**Work task**
The answer is the data below, repeated exactly, with no pictures included.

**Dataset excerpt**
────────
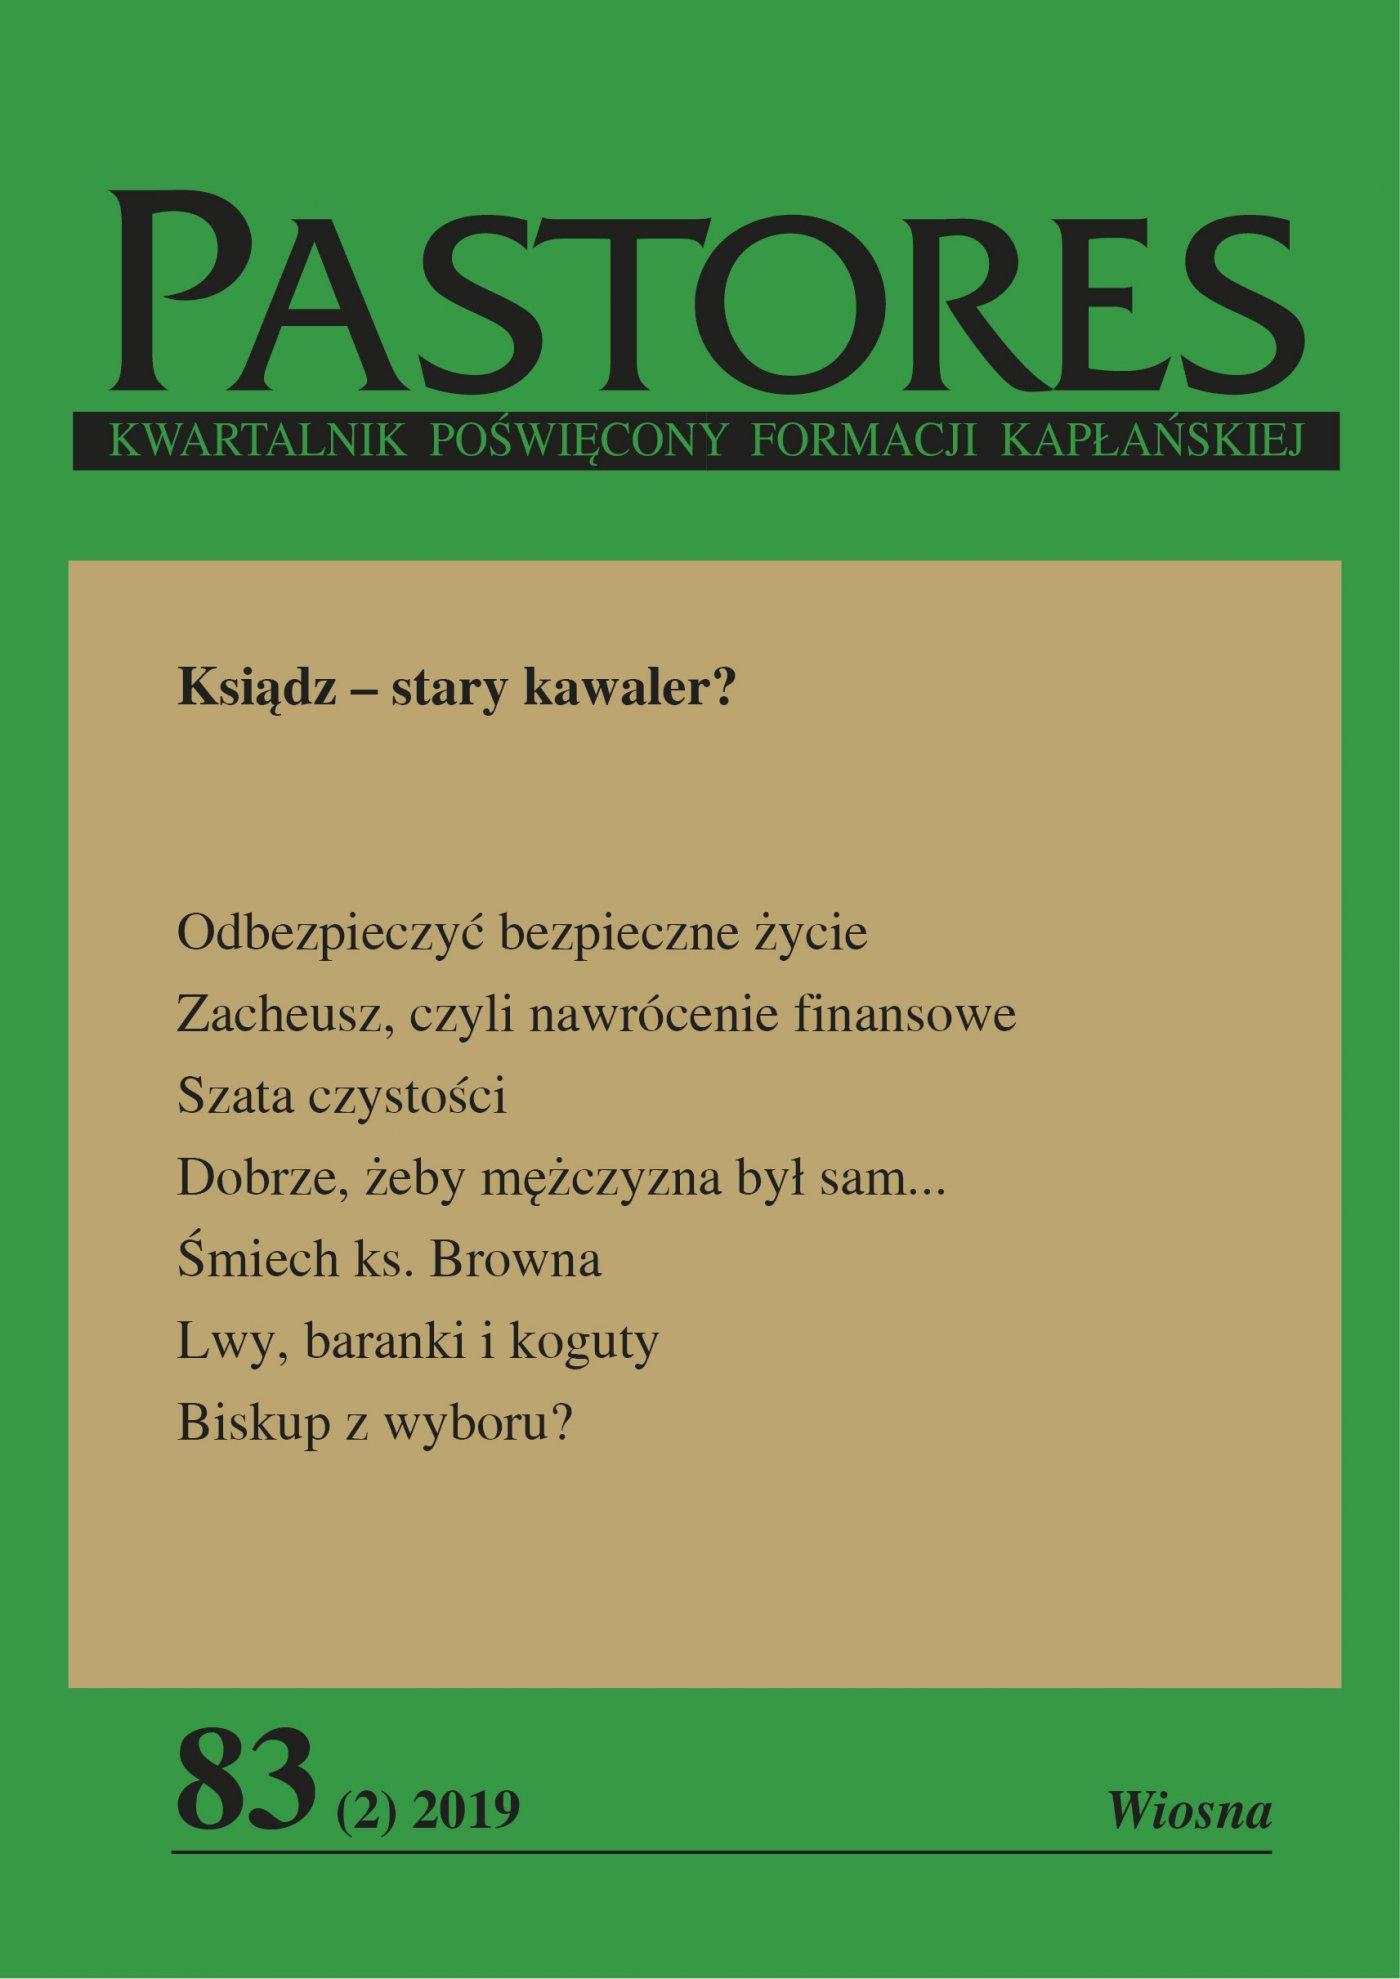 Pastores 83 (2) 2019 - Ebook (Książka EPUB) do pobrania w formacie EPUB
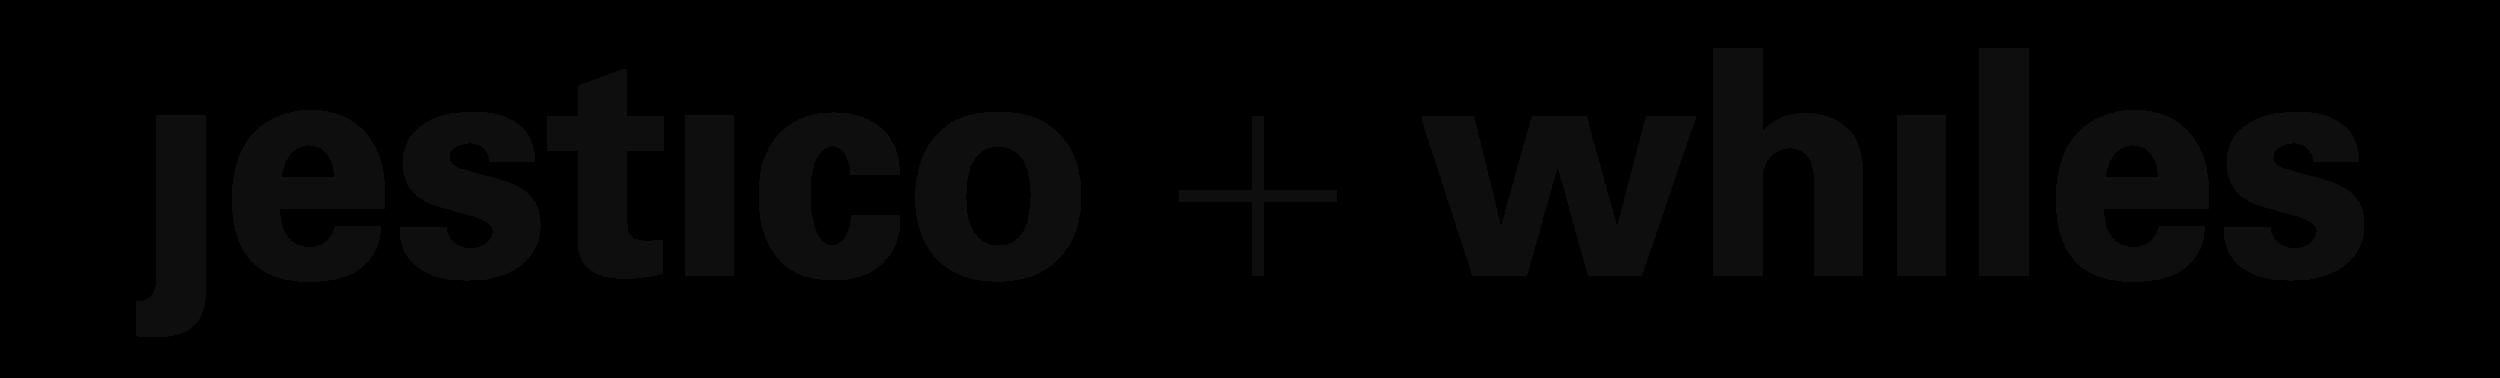 Jestico + Whiles logo
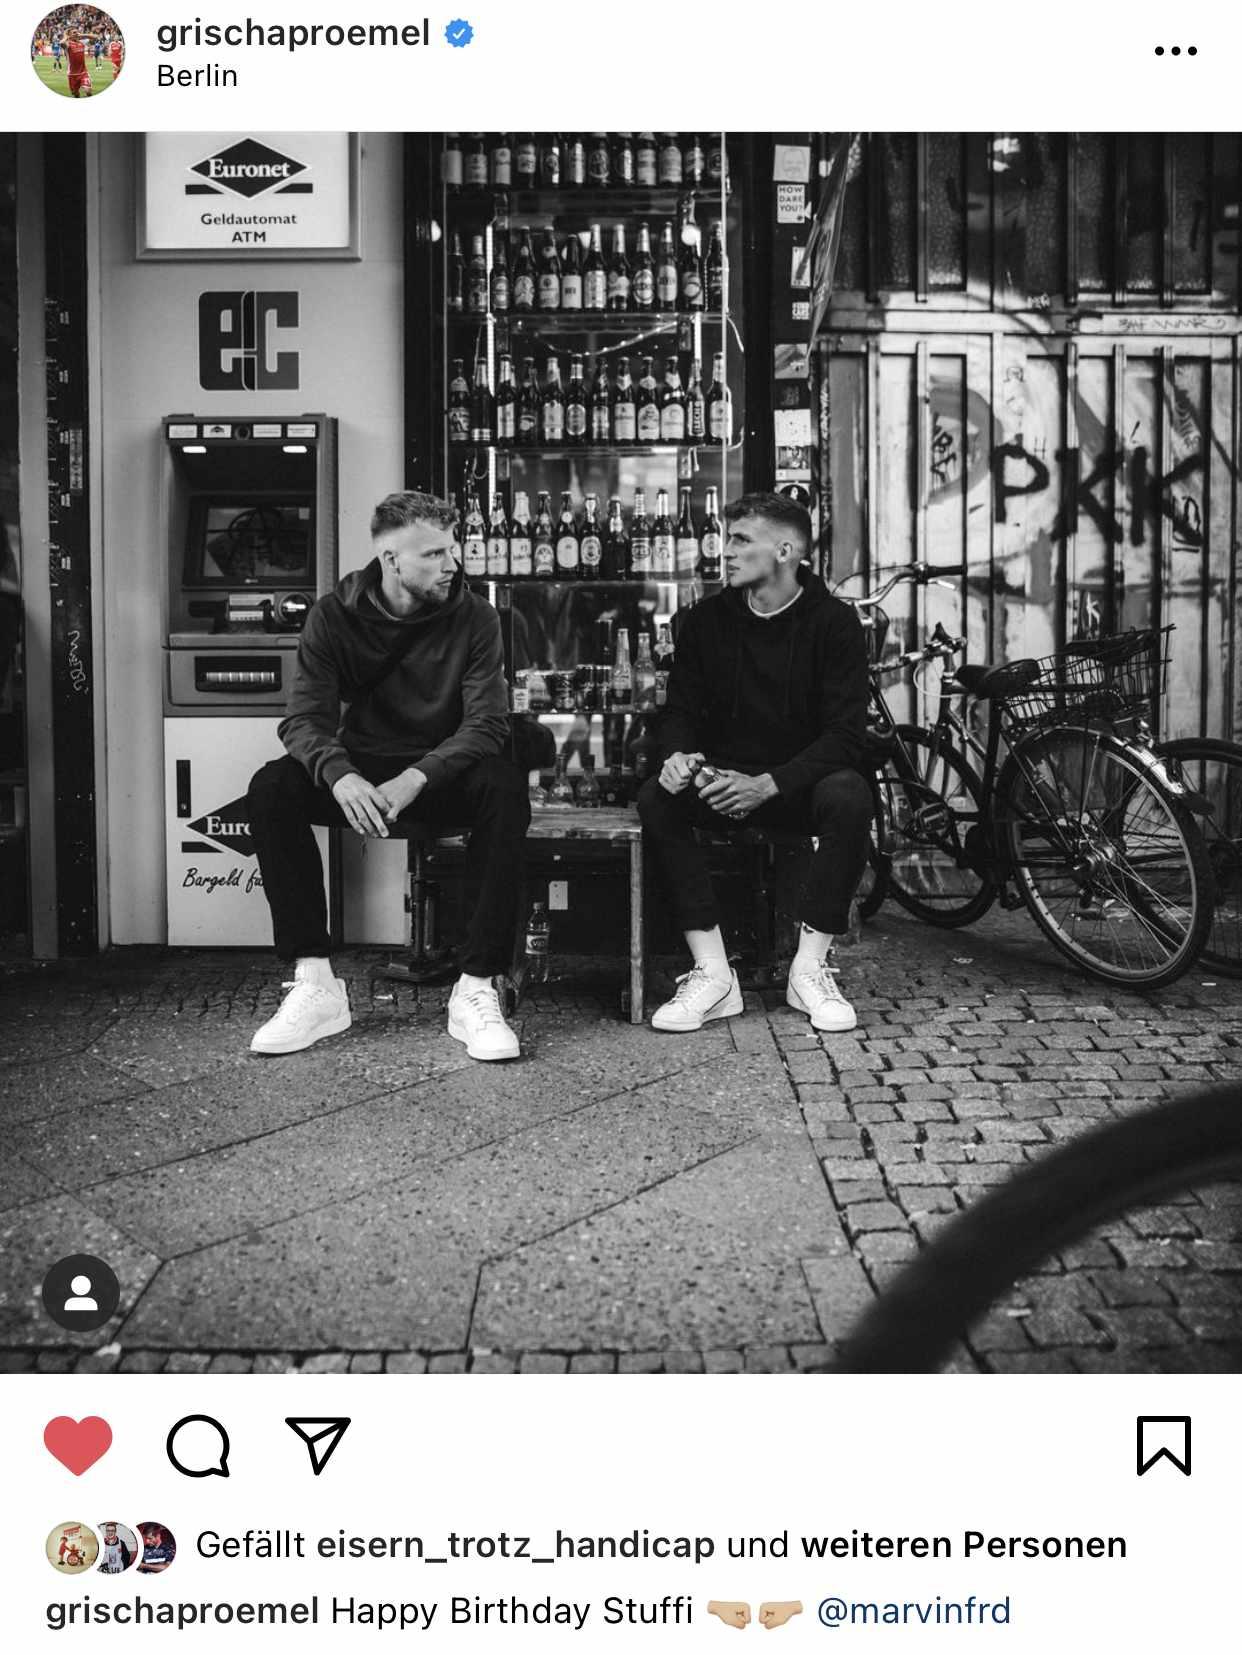 Marvin Friedrich und Grischa Prömel stilecht vorm Späti, Instagram @grischaproemel
────────
**Answer space**
 Pastores 83 (2) 2019 - Ebook (Książka EPUB) do pobrania w formacie EPUB
 Jestico + Whiles logo
 Marvin Friedrich und Grischa Prömel stilecht vorm Späti, Instagram @grischaproemel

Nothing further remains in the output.